Your First Small Business Line of Credit: What to Know
Are you seeking growth financing for your small business? Before going into significant debt or taking on investors, have you considered a small business line of credit? A small business line of credit differs from traditional business loans, invoice factoring, short-term loans, and credit card financing in many ways, but most importantly, it could give you the financial cushion you need without requiring your company to jump through the red tape hoops many financial institutions require. For both small companies in the early stages or established businesses, a small business line of credit can be a quick solution for impending cash flow challenges.

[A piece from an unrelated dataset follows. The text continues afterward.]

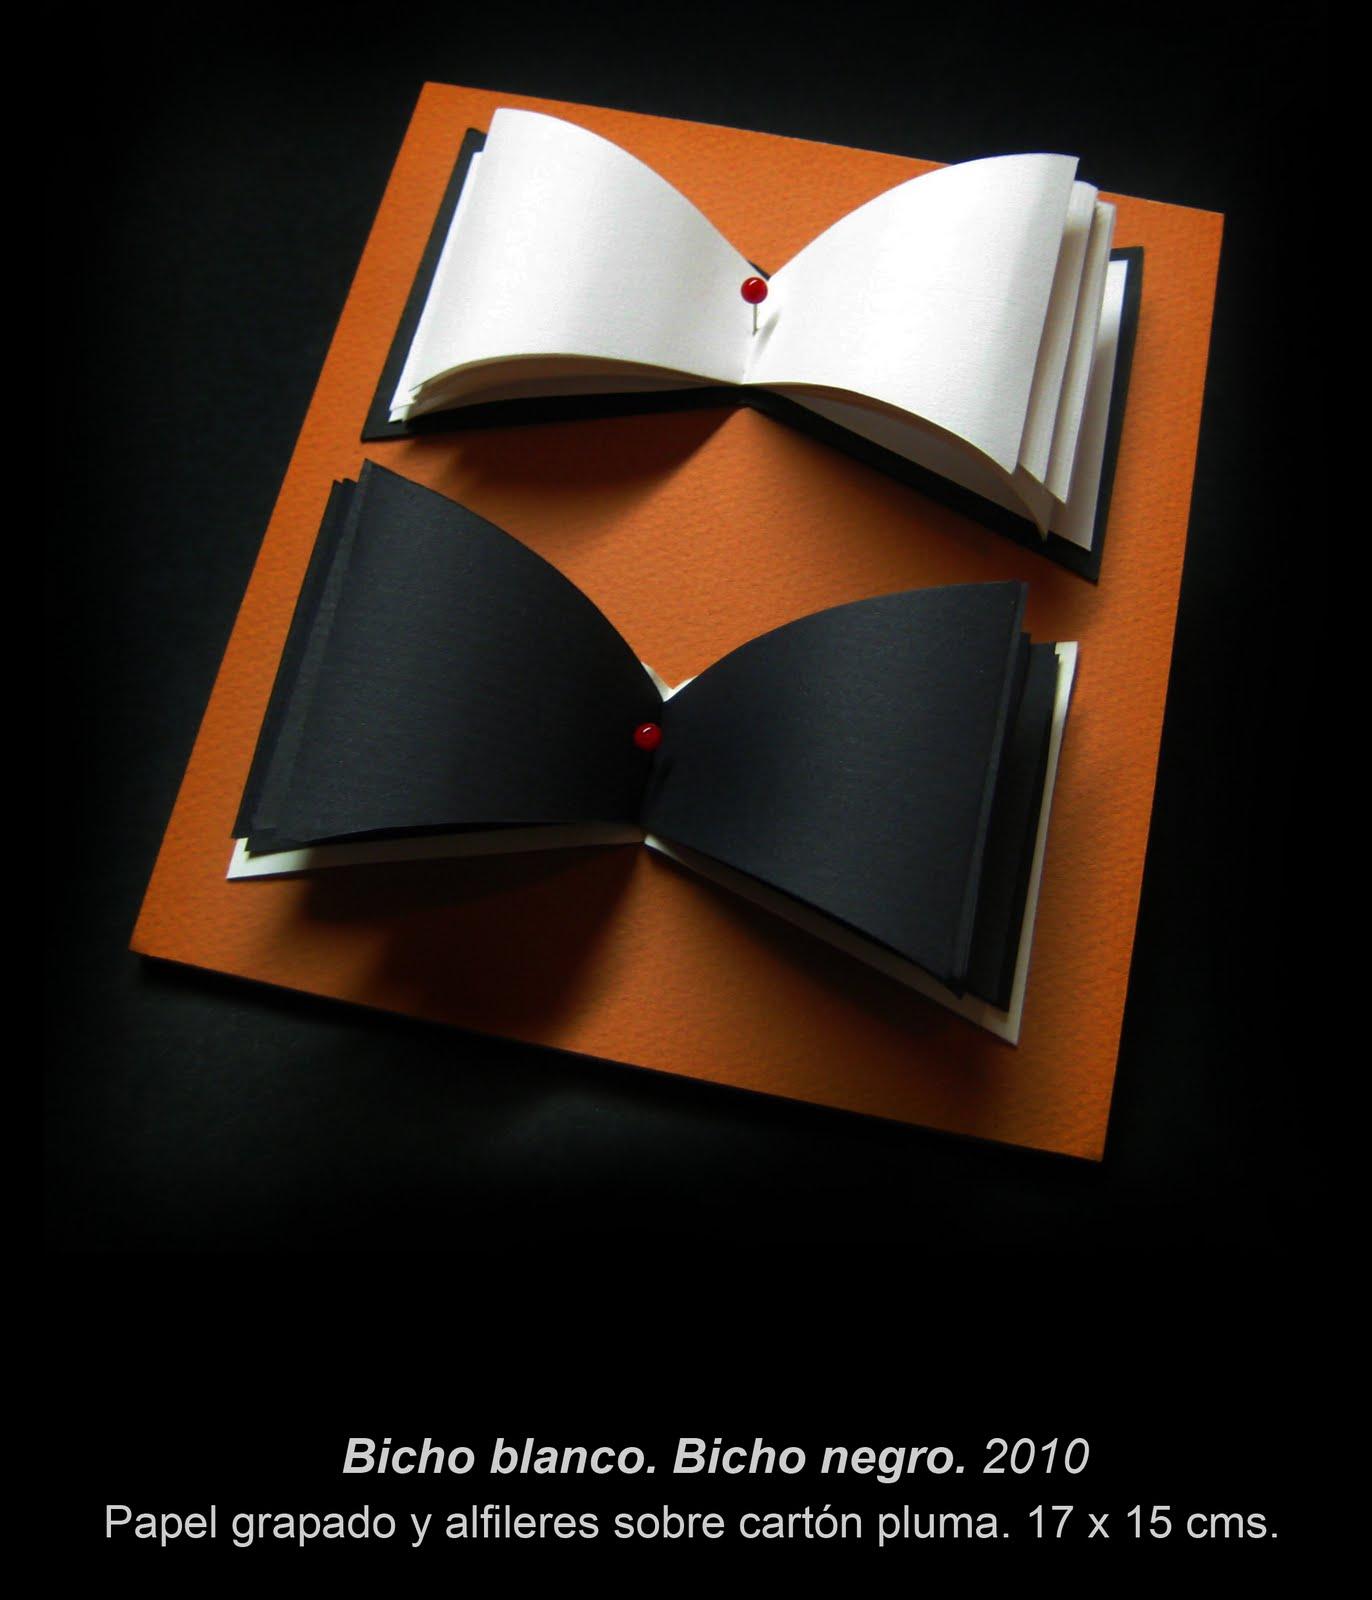 bicho blanco b negro
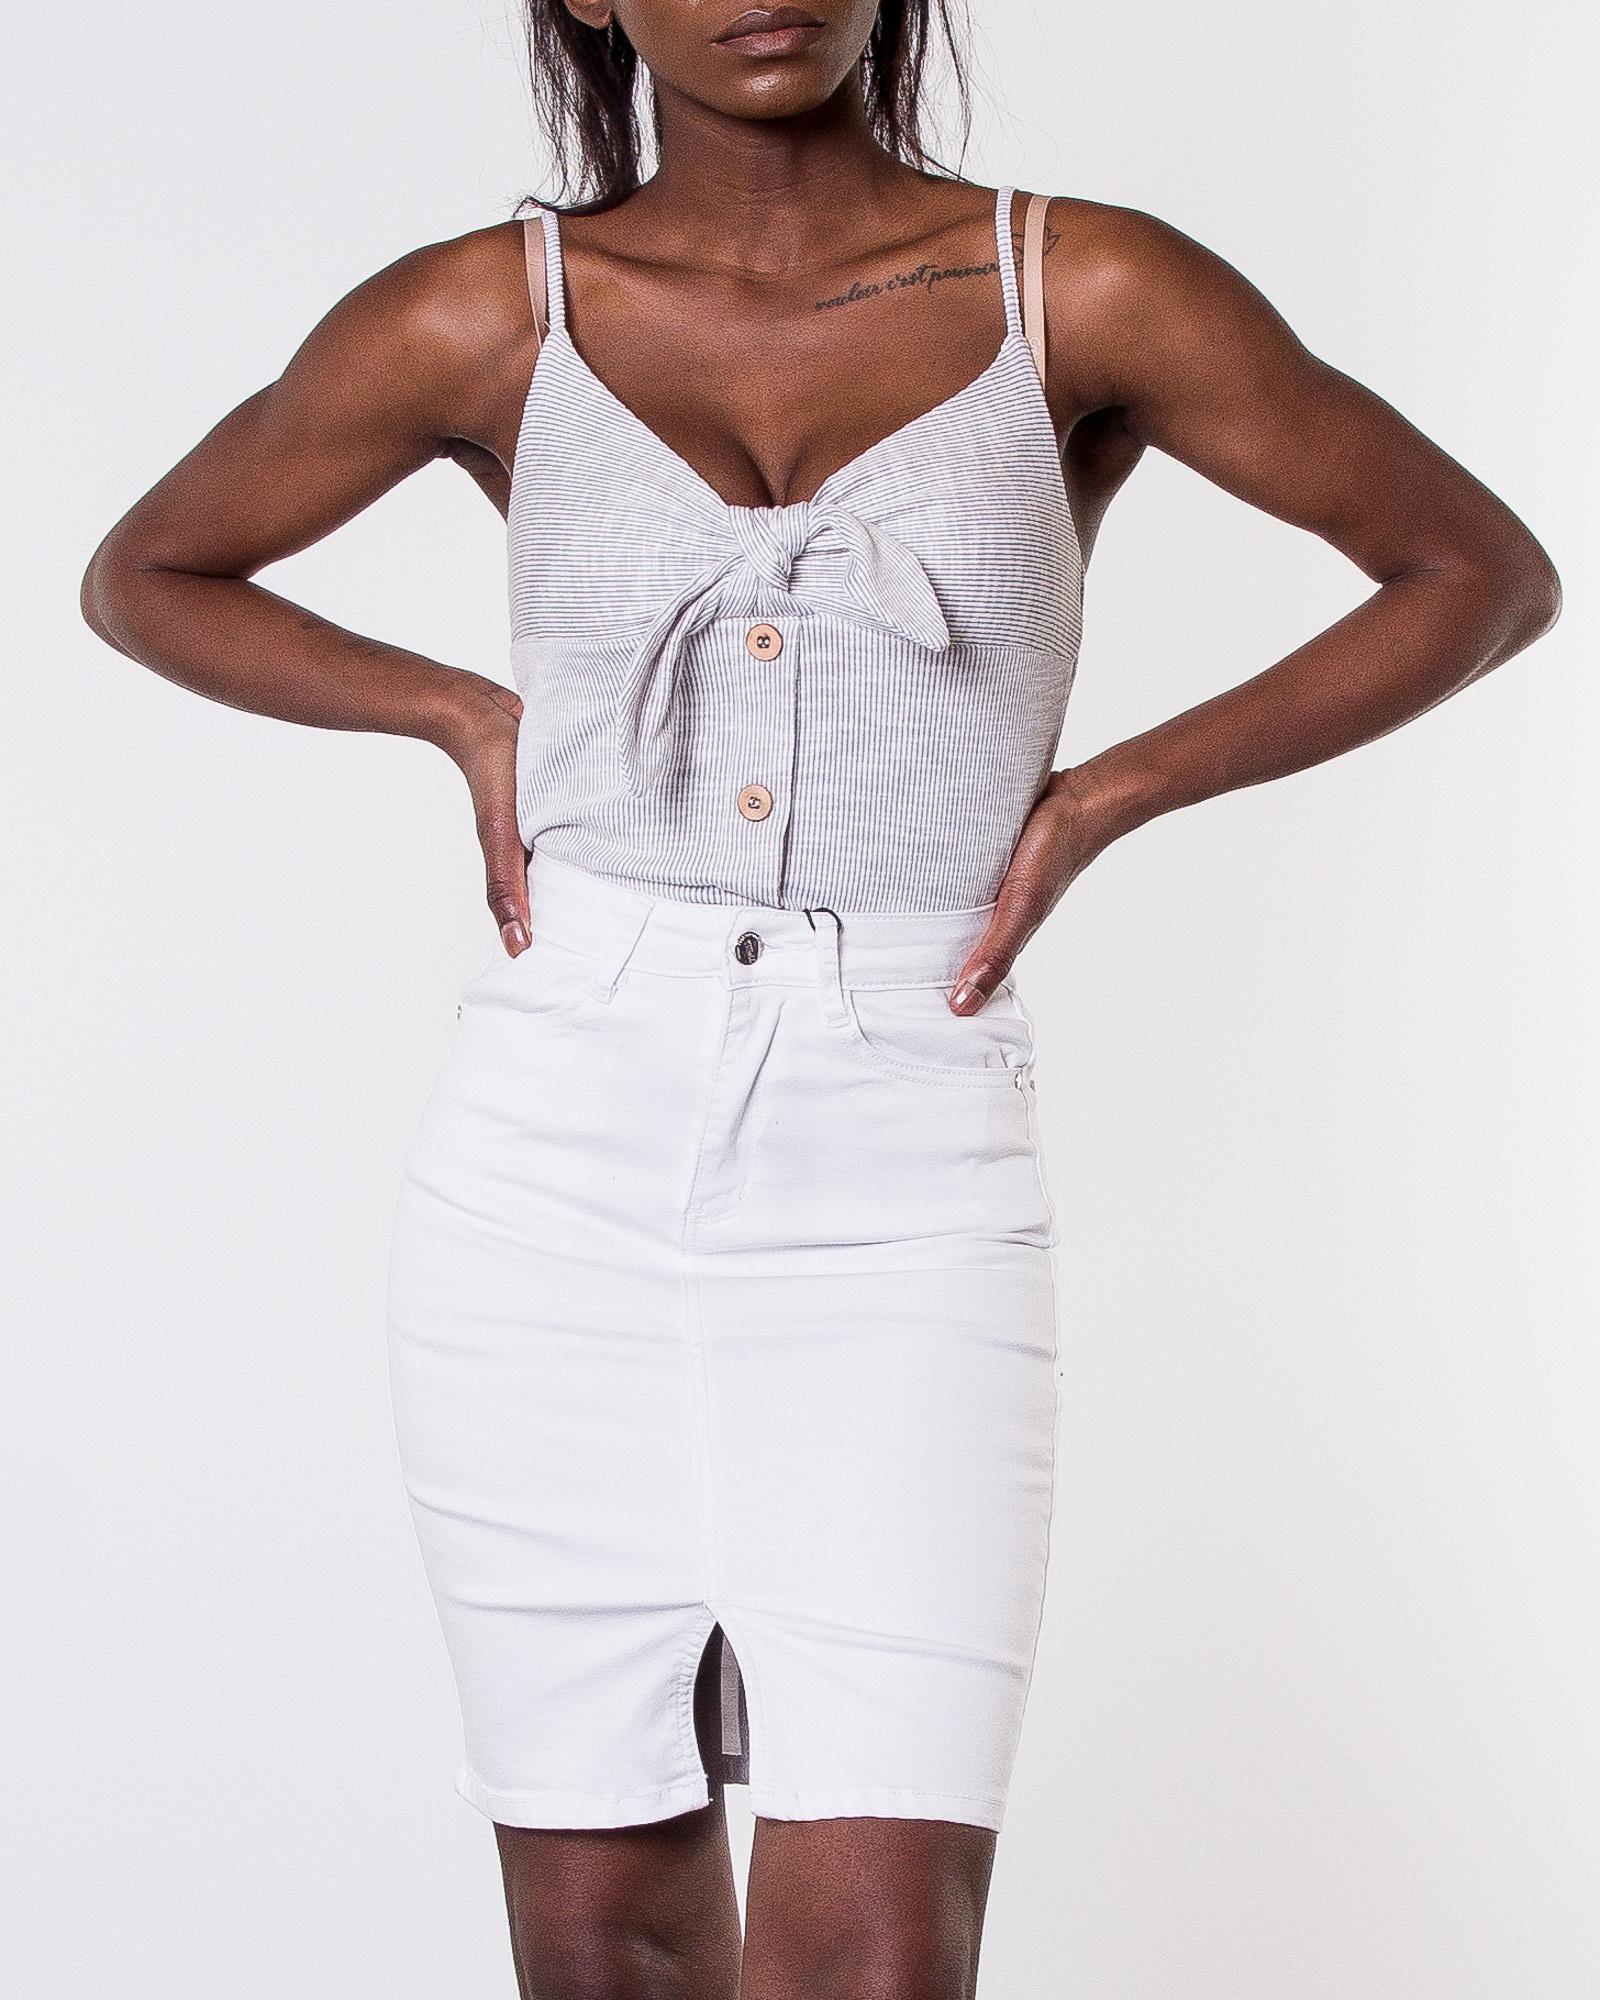 73e42f48d9b 77th Flea, Bianca Superstretch Skirt White | Women's Skirts ...

Here’s what you should know about your first small business line of credit.
What is a Small Business Line of Credit?
Like a business credit card, a small; business line of credit is a kind of “revolving” business loan that allows the borrower to draw money when needed and pay it back over time. Also, like a business credit card, the borrower is preapproved for a specific credit limit and only pays interest or fees on the amount drawn. Then once the draw has been paid back, there are no fees to pay until the next draw.
Although credit card financing can be helpful in some situations, the interest rates are generally so high, most small business owners only turn to credit cards for funding in extreme emergencies. Plus the amount a credit card(s) allows one to borrow from is often very small. A line of credit for small businesses is better for typical financial situations when, for instance, companies find themselves struggling through a slow sales season or lacking the cash to purchase an essential piece of equipment (equipment financing).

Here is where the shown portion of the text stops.